Hey! I just figured out what to use the name "EnterprisePaulaBeans" for! New anti-pattern, WIIGII!
-
@accalia said in Signs your code is unmaintainable:
i saw nothing in the episode to indicate that they couldn't have done it manually
that's the thing though, the number of times you can fold a piece of paper seems to me to be dependant on how much force you can exert on the paper to compact the layers. Machinery can impart more force.
-
@Jaloopa easy. We take it out of the galaxy, so there won't be any debris to hit it
-
@bb36e Just be careful which direction you take it, or you might run into Reapers...
-
@bb36e or we convert all the matter in the Galaxy into the paper we need.
-
@Jaloopa said in Signs your code is unmaintainable:
@bb36e or we convert all the matter in the Galaxy into the paper we need.
...but then there would be nothing left to fold it with!
-
@bb36e said in Signs your code is unmaintainable:
@Jaloopa easy. We take it out of the galaxy, so there won't be any debris to hit it
So....you want to give some one the Eridanus Void as a gift?
-
@masonwheeler there are other galaxies
-
@Jaloopa Yeah, but I heard those are all far, far away and it takes a long time to reach them...
-
@masonwheeler yes. That seems to be the only remaining part of this plan that's likely to cause significant problems
-
@Yamikuronue said in Signs your code is unmaintainable:
t's the thing though, the number of times you can fold a piece of paper seems to me to be dependant on how much force you can exert on the paper to compact the layers. Machinery can impart more force.
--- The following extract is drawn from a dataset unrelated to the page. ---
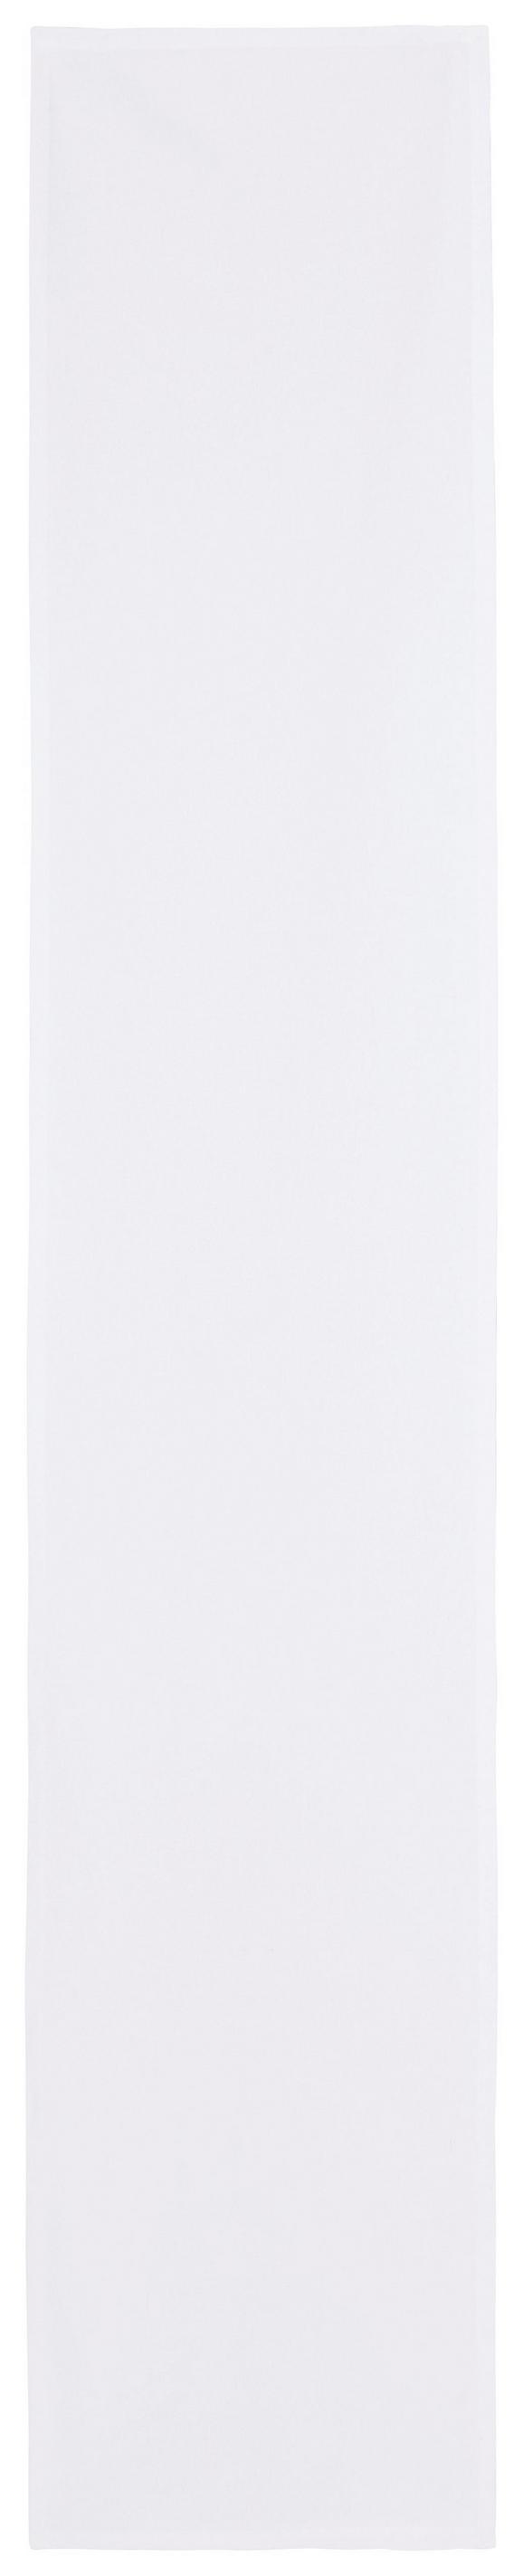 Tischläufer Steffi in Natur - Naturfarben, Textil (45/240cm) - MÖMAX modern living

eeeh. you just need enough humans working together.
afterall the egyptians built the pyramids without wheels
and thern there's stonehenge.
people in sufficient quantity do amazin things.
-
@accalia yeah, but that's "we can fold" or "ya'll can fold" not "you can fold" ;)
-
@Yamikuronue said in Signs your code is unmaintainable:
@accalia yeah, but that's "we can fold" or "ya'll can fold" not "you can fold" ;)
touchet.
-
@accalia said in Signs your code is unmaintainable:
@Yamikuronue said in Signs your code is unmaintainable:
@accalia yeah, but that's "we can fold" or "ya'll can fold" not "you can fold" ;)
touchet.
Is that like a trebuchet but smaller?
-
@Karla Nah, it's like a sachet, but with a more pleasant texture for touching
-
@Yamikuronue said in Signs your code is unmaintainable:
@Karla Nah, it's like a sachet, but with a more pleasant texture for touching
-
@Yamikuronue said in Signs your code is unmaintainable:
@Karla Nah, it's like a sachet, but with a more pleasant texture for touching
Got it.
-
@Yamikuronue You can't fold a piece of A4 paper in half more than 7 times I think.
-
@lucas1 said in Signs your code is unmaintainable:
@Yamikuronue You can't fold a piece of A4 paper in half more than 7 times I think.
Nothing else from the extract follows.